FlashInfer compatibility#

2025-10-02

4 min read time

Applies to Linux

FlashInfer is a library and kernel generator for Large Language Models (LLMs) that provides high-performance implementation of graphics processing units (GPUs) kernels. FlashInfer focuses on LLM serving and inference, as well as advanced performance across diverse scenarios.

FlashInfer features highly efficient attention kernels, load-balanced scheduling, and memory-optimized techniques, while supporting customized attention variants. It’s compatible with torch.compile, and offers high-performance LLM-specific operators, with easy integration through PyTorch, and C++ APIs.

Note

The ROCm port of FlashInfer is under active development, and some features are not yet available.
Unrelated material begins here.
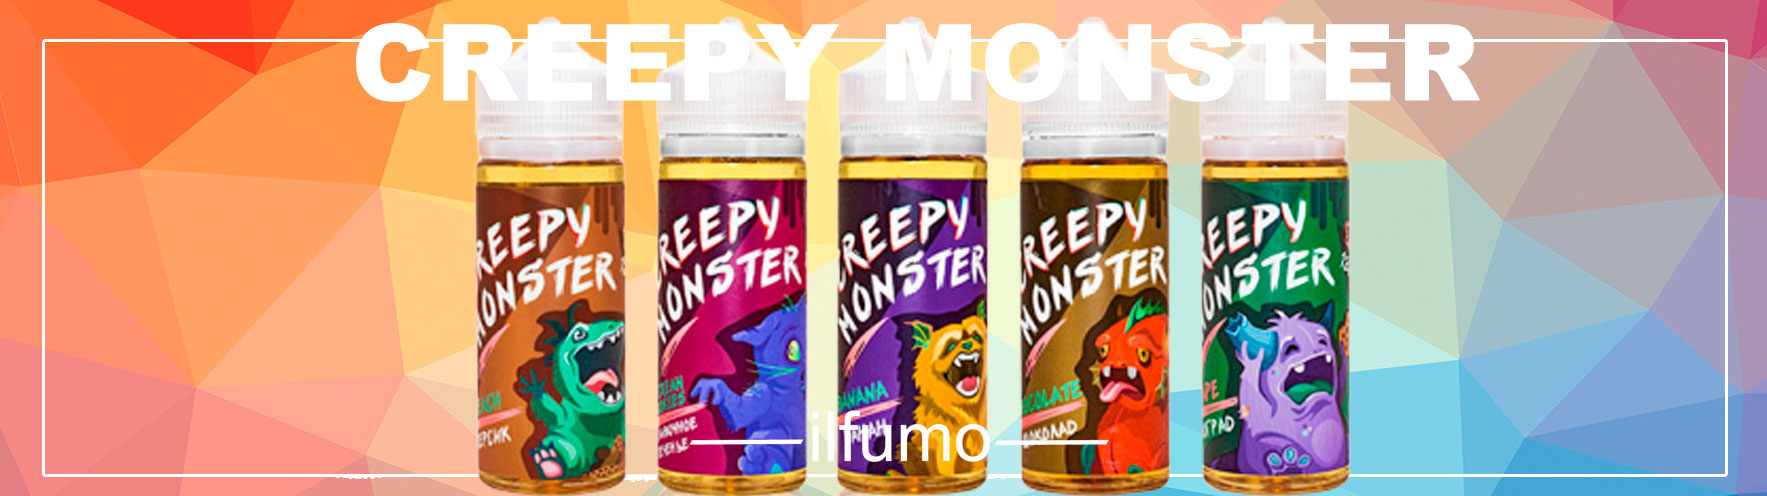 Creepy Monster

For the latest feature compatibility matrix, refer to the README of the ROCm/flashinfer repository.

Support for the ROCm port of FlashInfer is available as follows:

ROCm support for FlashInfer is hosted in the ROCm/flashinfer repository. This location differs from the flashinfer-ai/flashinfer upstream repository.
To install FlashInfer, use the prebuilt Docker image, which includes ROCm, FlashInfer, and all required dependencies.
- See the ROCm FlashInfer installation guide to install and get started.
- See the Installation guide in the upstream FlashInfer documentation.

Note

Flashinfer is supported on ROCm 6.4.1.

Supported devices#

Officially Supported: AMD Instinct™ MI300X

Use cases and recommendations#

This release of FlashInfer on ROCm provides the decode functionality for LLM inferencing. In the decode phase, tokens are generated sequentially, with the model predicting each new token based on the previously generated tokens and the input context.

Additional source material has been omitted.